Repeat the data word for word and skip the pictures.

■ Recorded information:

···

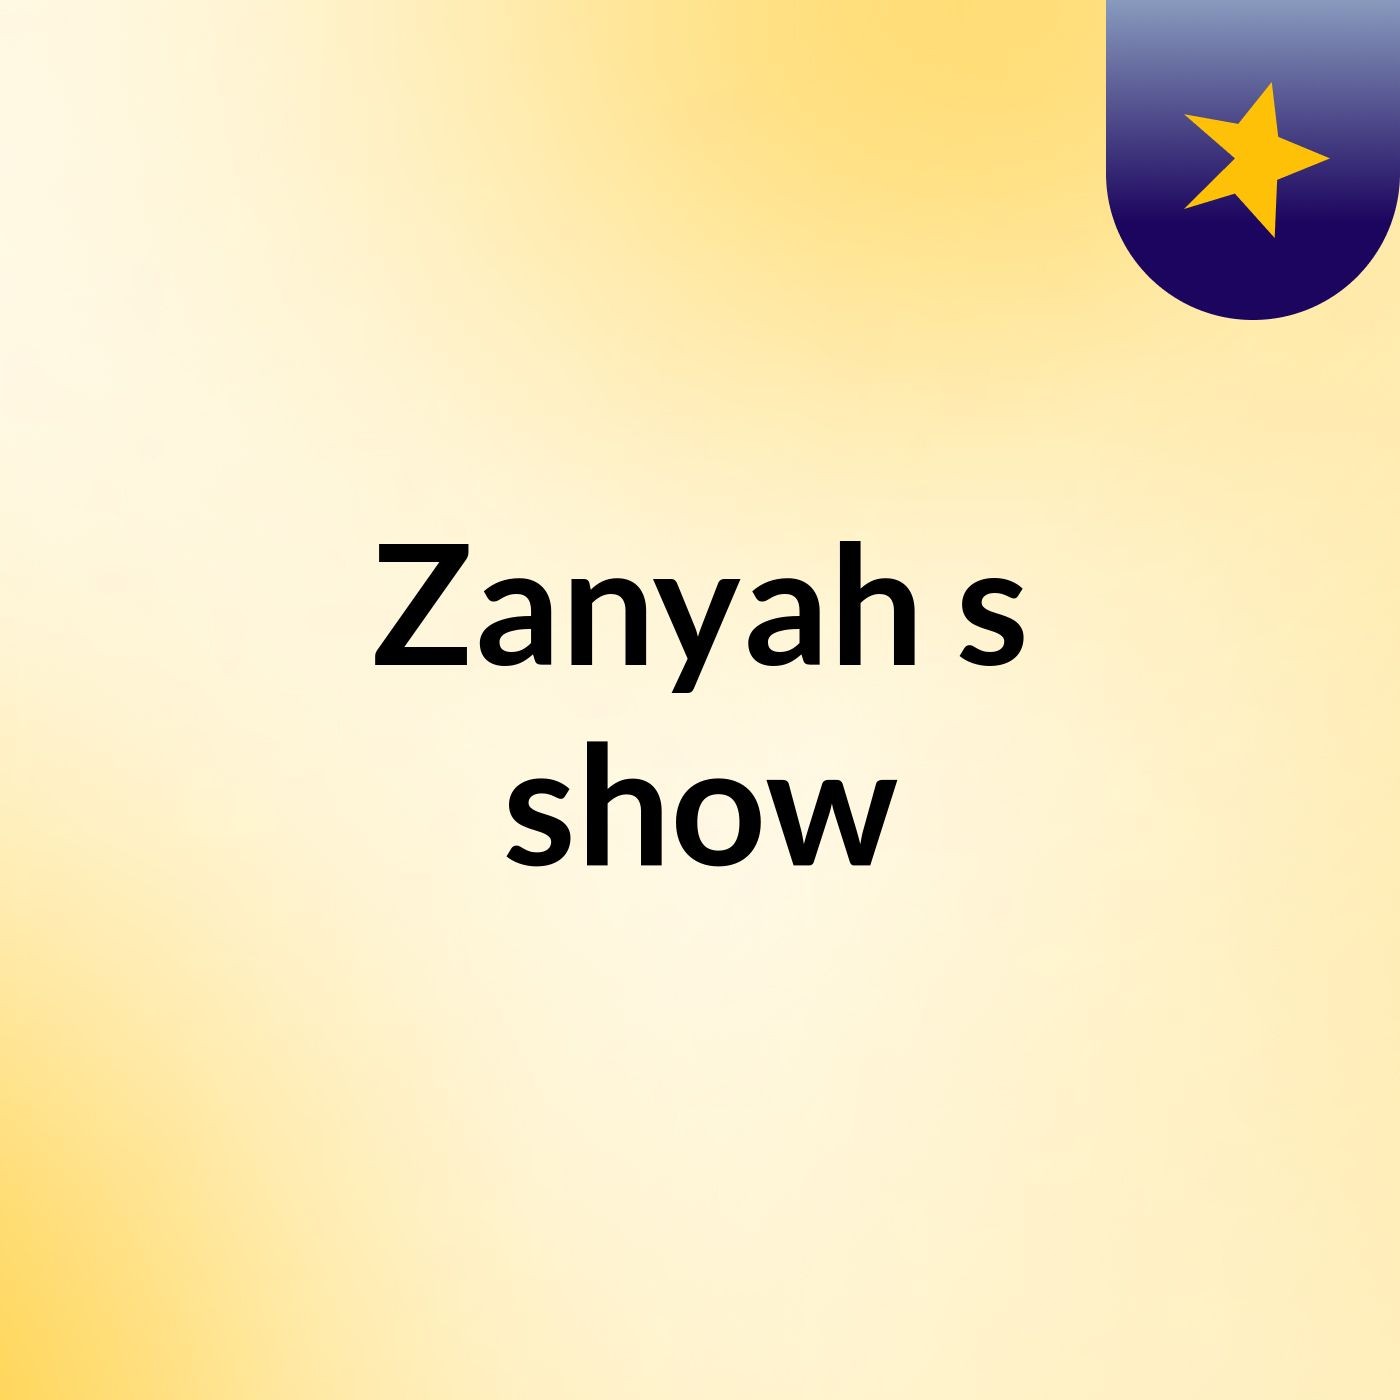 Zanyah's show
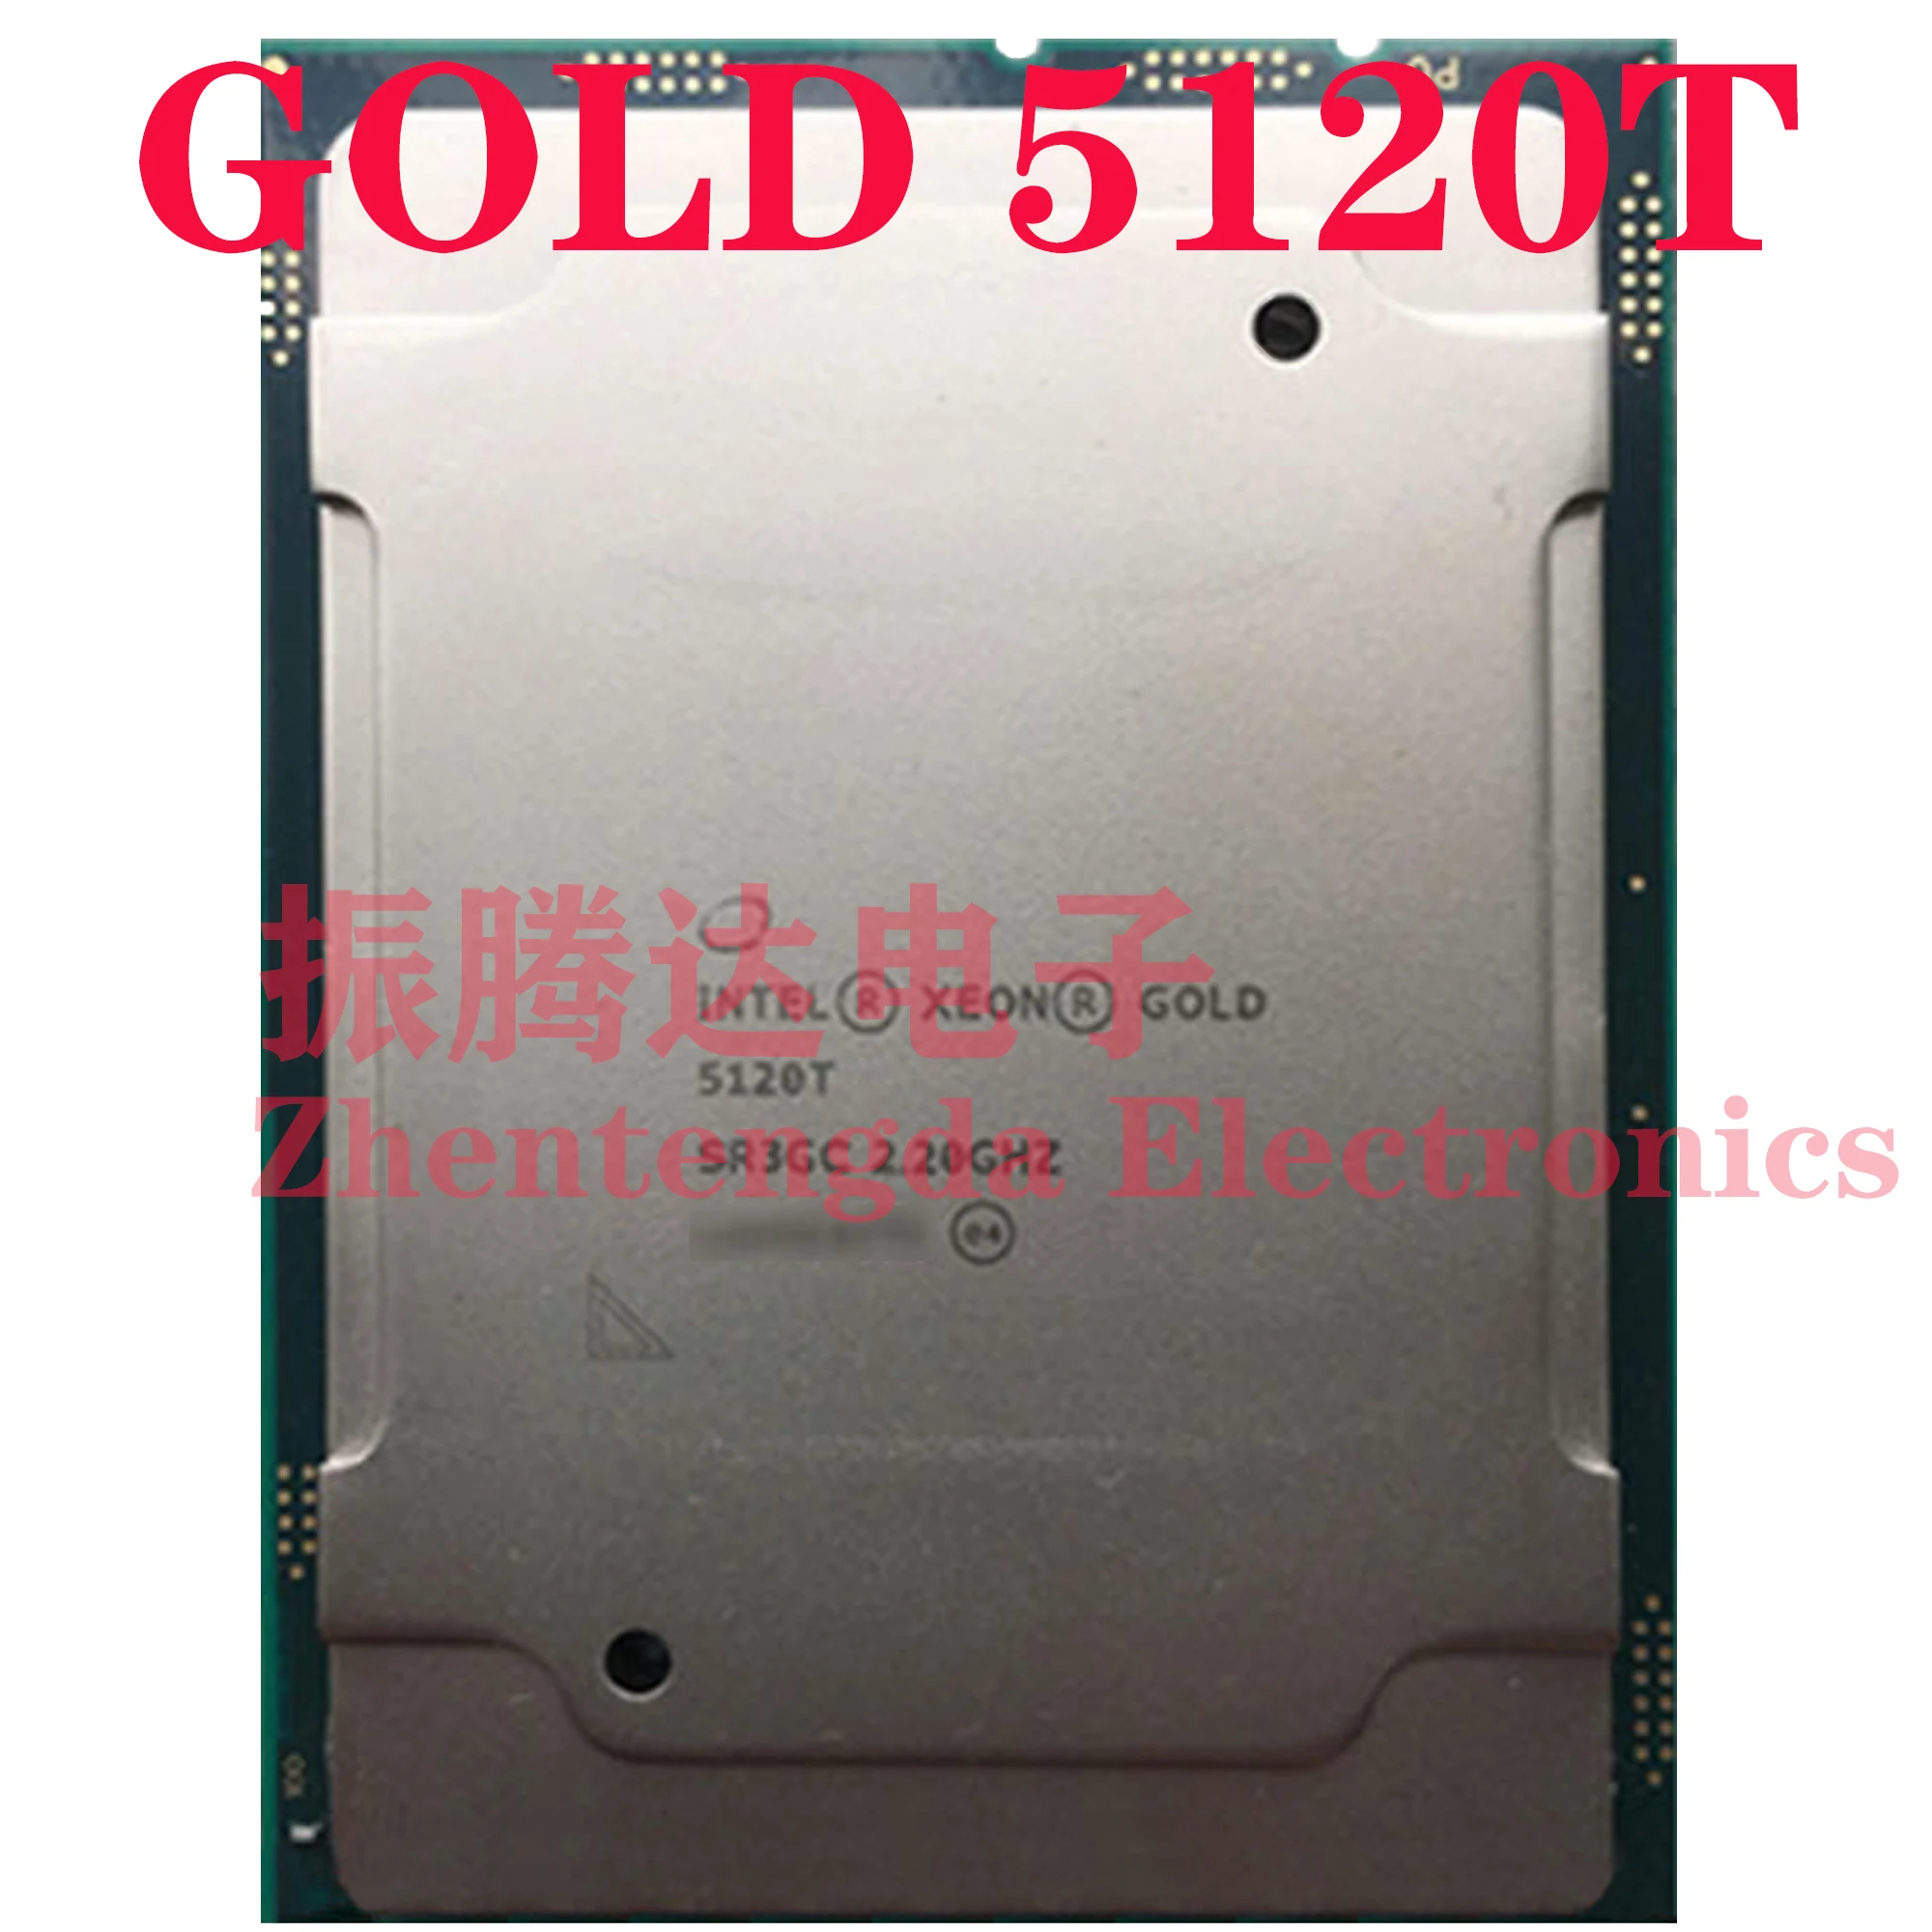 

Intel Xeon Gold 5120T CPU 2.2GHz L3-19.25MB 14 Core 28 Threads LGA-3647 Gold 5120T CPU Processor
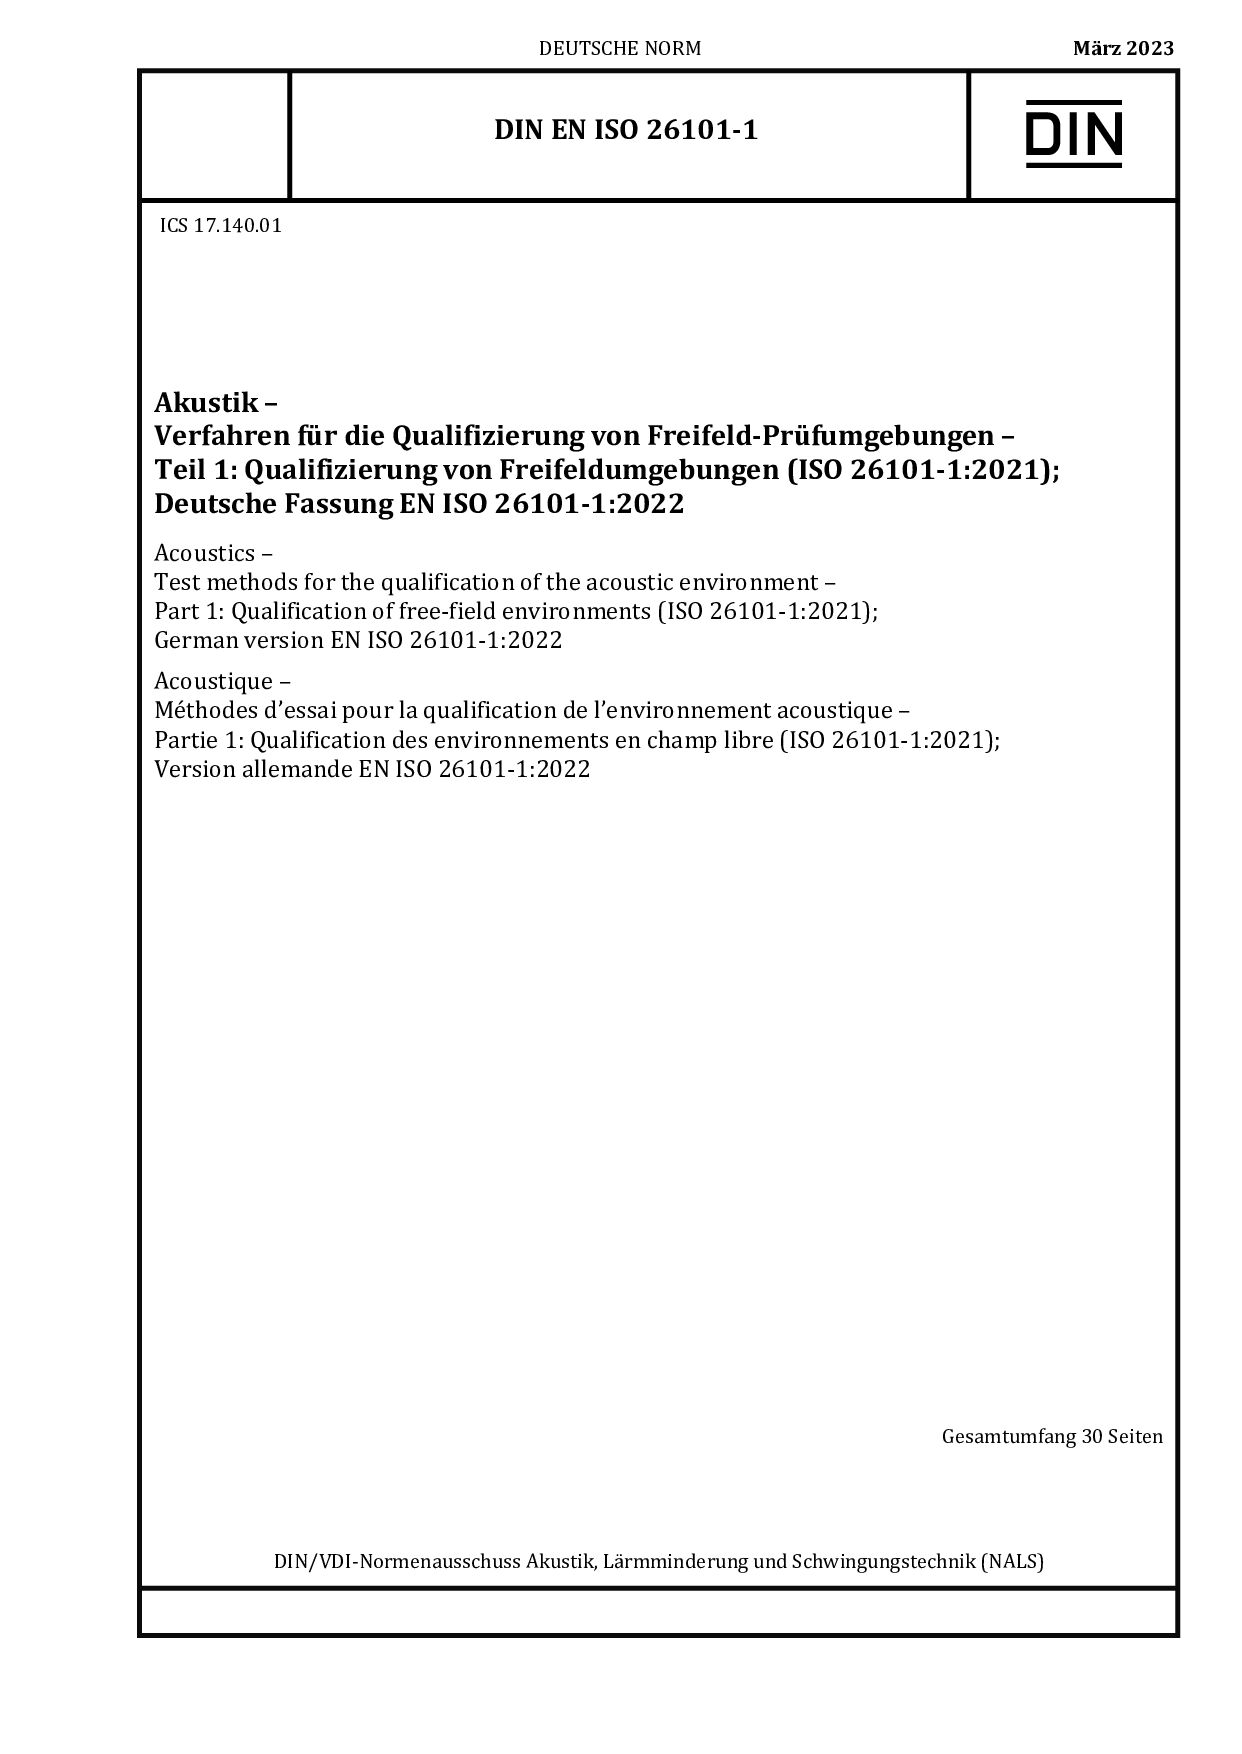 DIN EN ISO 26101-1:2023封面图

···

■ Response to this exercise:
 Zanyah's show

Intel Xeon Gold 5120T CPU 2.2GHz L3-19.25MB 14 Core 28 Threads LGA-3647 Gold 5120T CPU Processor
 DIN EN ISO 26101-1:2023封面图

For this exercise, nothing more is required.